その美女は今ジジイと会話中ですわ。なにこの放置プレイ。俺の親父だったら興奮するよ?とまあ冗談どころじゃない。とりあえずその美女に話しかけてみた。
「なー、そこのかわい子さん。」
「かわい…なんだ。あと私はルナ・フレアだ。」
「じゃルナ。ここどこ。」
「ここはあなたの住んでいたところとは違う世界。」
「つまり俺って特別?勇者として魔王たおせー的な。」
こう聞くとルナは少しためらうとこう言った。
「私が手違いで召喚してしまった勇者…ただの一般人。魔力も特別な力も持たない…本当に、ただの人間だ。」
「…は?」
…は?
「ルナさん。落ち着こう。え?一般人召喚したの?」
「…テヘッ☆」
「殺すぞ!誰がそんなんで許すか!そんな世界だったらポリスメンいらんわ!」
「おっかしーな、この本通りにやったんだけどなー。な、爺や。」
「そうだねー。おれっちもさっぱりわかんねーよ。」
「ジジイ軽すぎだろ!見た目と言動合わせろや!あとその本!なんだ『馬鹿でもわかる勇者召喚』って!なめてんのか!そんな本でやんなよ!古文書とか使えよ!」
「まあまあ、落ち着け。アイスあるよ?」
「バカにしてんだろジジイ!」
「…というわけでそなたには魔王を倒しに行って来てもらう。」
「殺す気か!あとどういうわけだ!」
「そうだ!門番と戦わせて勝てたら勇者ってことにしよう!」
「あんた思いつきでしゃべってるだろ!」
まあ、元の世界に帰るには魔王の持ってる『次元のドアノブ』がいるらしいし行かにゃならんのだが…ってこのアイテム名前ダサッ!…門番でけぇんです。五メートルって人間じゃないよね。なんでも改造人間らしい。

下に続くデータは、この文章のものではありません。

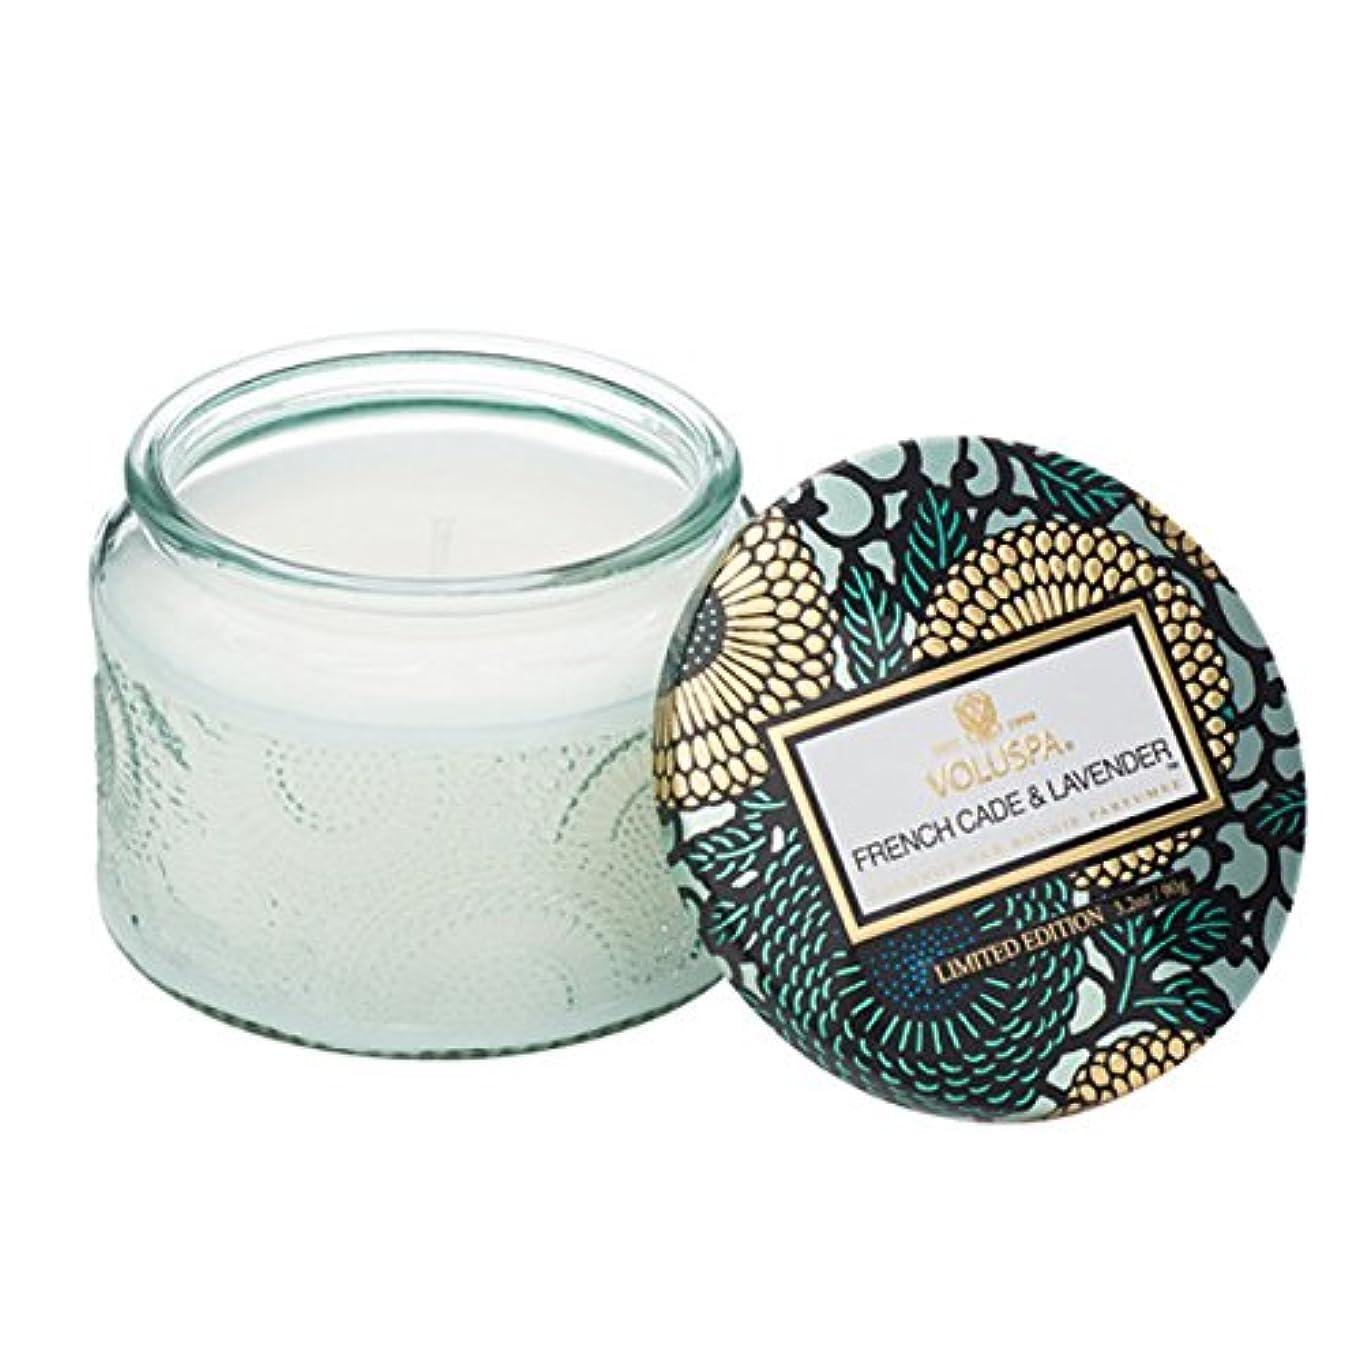 くしゃくしゃよく話されるスプレーVoluspa ボルスパ ジャポニカ リミテッド グラスジャーキャンドル  S フレンチケード&ラベンダー FRENCH CADE LAVENDER  JAPONICA Limited PETITE EMBOSSED Glass jar candle
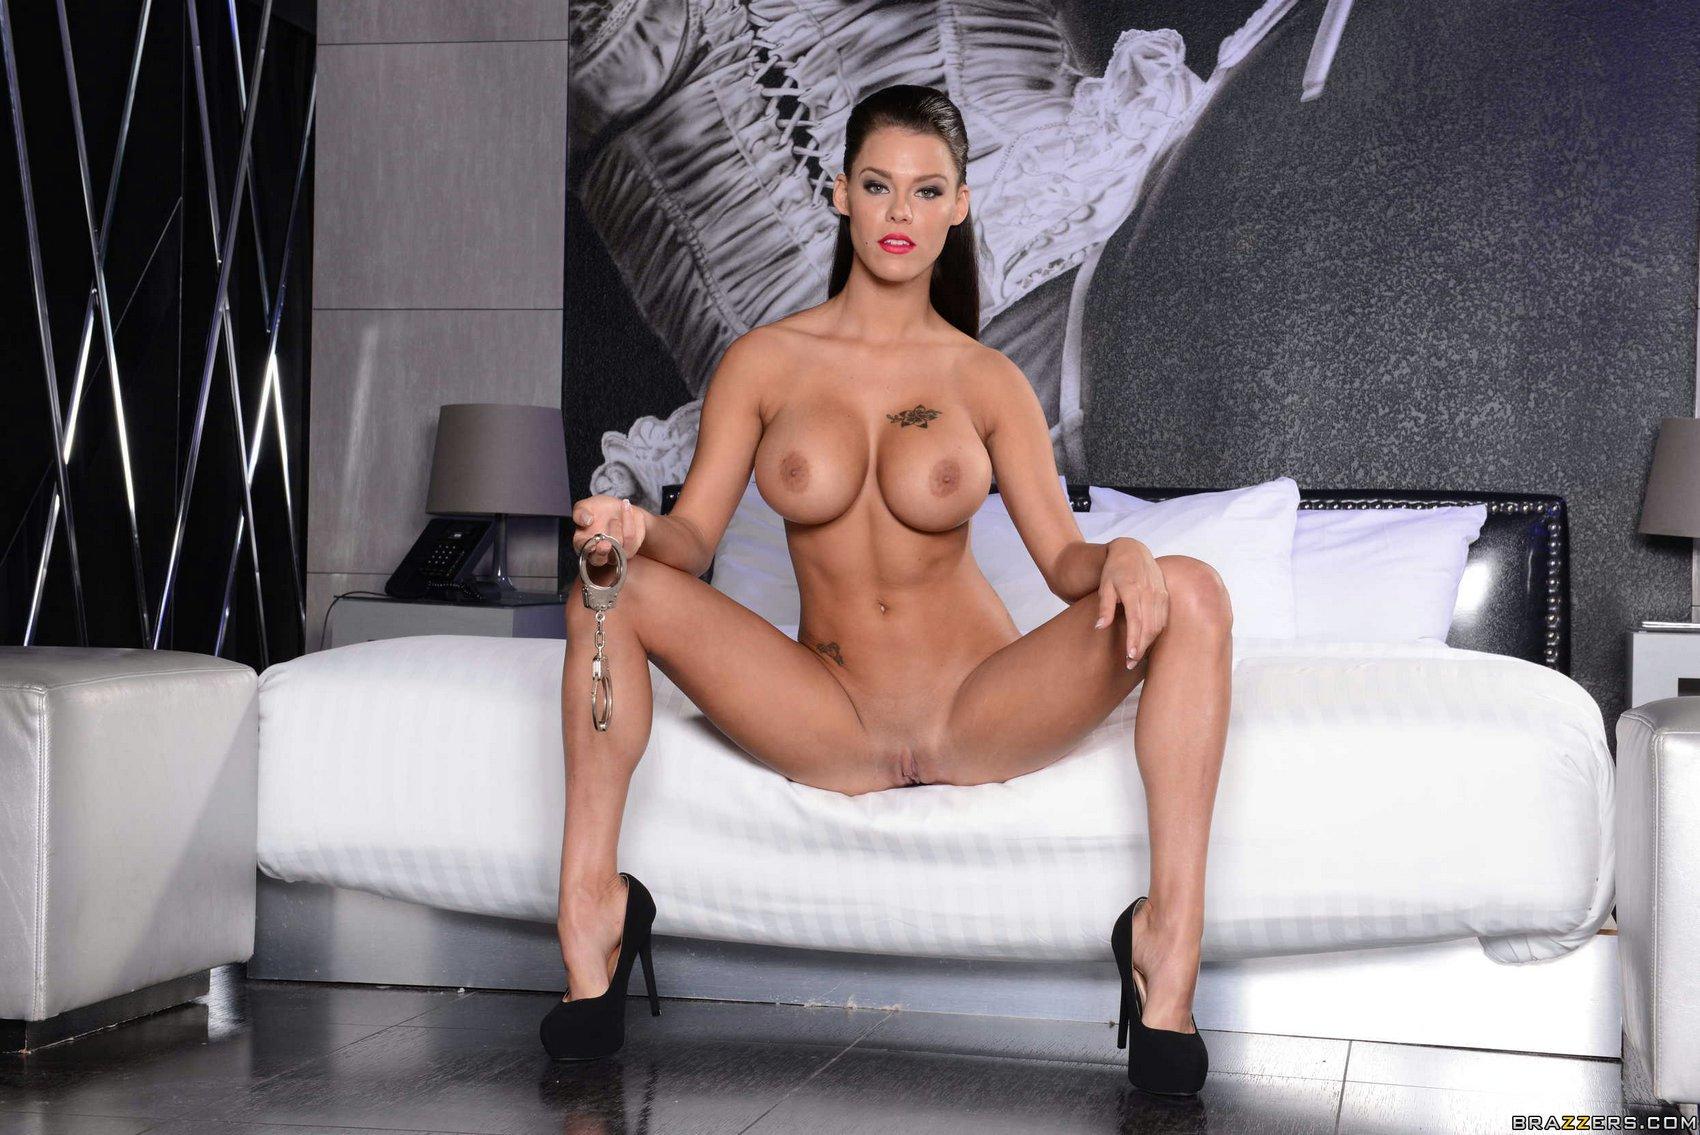 Peta Jensen in high heels showing off her perfect body.

「はーい。はじめー。」というジジイの適当な合図で始まった、くそ試験。俺は門番の攻撃をよけるのに必死だ。斧をぶん回しているので、かなり範囲ひれー。
「勇者ー頑張るんだ~私の信用を取り戻せ―」
「うるせーわががまま女王!」
ポケットに変な感触を覚えた俺はそれを手に取る。
「…メリケンサック…」
ないよりましなのでそれをつけて門番殴る。すると…
「うごっ!」
門番が、吹っ飛んだ。
そこまで強く殴ってないが、かなりの勢いで吹っ飛んだ。
全員が目を丸くしてる。そりゃそうだ。あんな巨体吹っ飛ぶと思わねぇもん。が空気を読まずジジイが叫びながら走ってきた。
「女王!真の勇者の召喚に成功…んテメ、門番を…」
「待てや…召喚できるんじゃねーか!何でおれ召喚したんだよ!」
「いやー、供え物んとこよく見たら、チョコレートが抜けてて…」
「なめてんのか!そんなんで釣れる勇者ってどんなだよ!」
「私だ。」
澄んだ声だった。
緋色の瞳、綺麗なポニーテールの黒髪、腰に下げた剣。
美しい少女だった。
「んな…」
「ご苦労だったな、偽勇者くん♪」
「お前みたいなかわいいやつが勇者…?」
「なっ、かかかかかわいいだと?そそそそそんな言葉に惑わされないわよ!」
動揺しすぎだろ…
それからルナや五大老と言われるジジイどもの会議が開かれ、俺と彼女…姫咲なのはの処遇が言い渡された。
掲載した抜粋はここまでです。